Pattern 2 is the load-bearing demo for the auto-inject path most users will actually adopt.

2. Pattern-1 prompt sharpening (cells 7 and 8)

Same template the Claude SDK cookbook adopted (commit d92ccab373 on cookbook main): nudge the agent to call recall_memory explicitly before answering, instead of leaving the tool-use decision to the model.

  • Cell 7: "What IDE do I use? And what's my job?""Recall what you know about me first, then answer: what IDE do I use and what's my job?"
  • Cell 8: same template ("Use the recall tool to refresh what you know about me first, then recommend...").

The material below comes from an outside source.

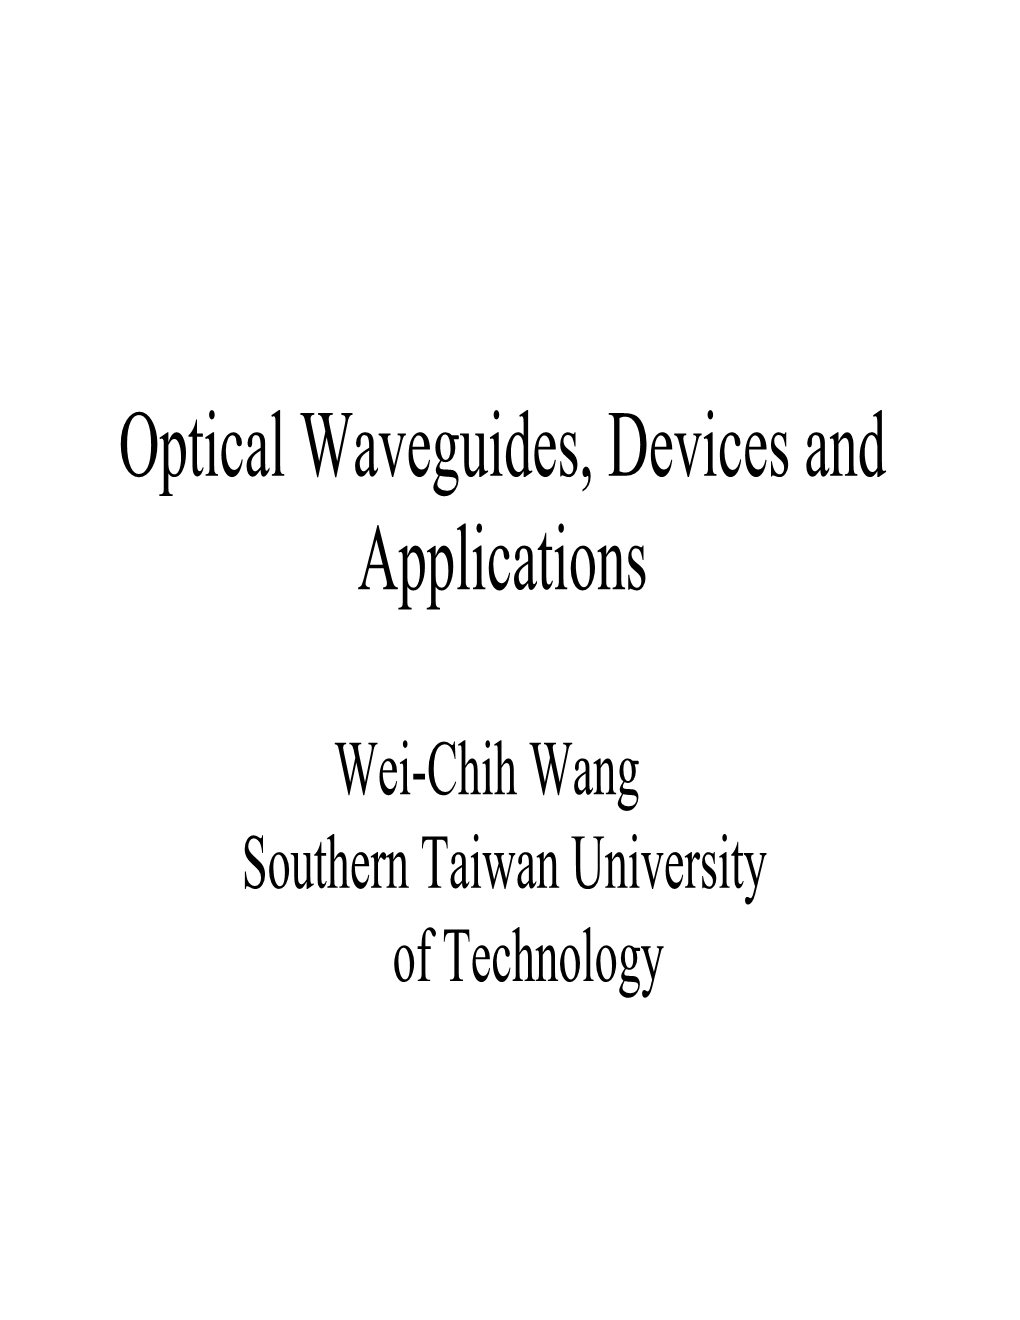 Optical Waveguides, Devices and Applications

Cell 7 stays best-effort under gpt-4.1-mini's tool-use variance — the model still sometimes asks "what's your IDE?" rather than recalling — but with the sharpened prompt the failure rate drops and the cell makes the user's intent explicit to a reader.

Relationship to other PRs

Test plan

  • Cookbook 11/11 cells execute against canonical PR #1866 build, 0 errors.
  • Cell 10 (Pattern 2 auto-inject) reliably returns recalled facts (Python/SQL/VS Code/dark mode).
  • Cell 7 (Pattern 1 tool recall) is best-effort under gpt-4.1-mini; cookbook narrative now matches what the user can expect.
  • Reviewer to run end-to-end against the merged hindsight-openai-agents.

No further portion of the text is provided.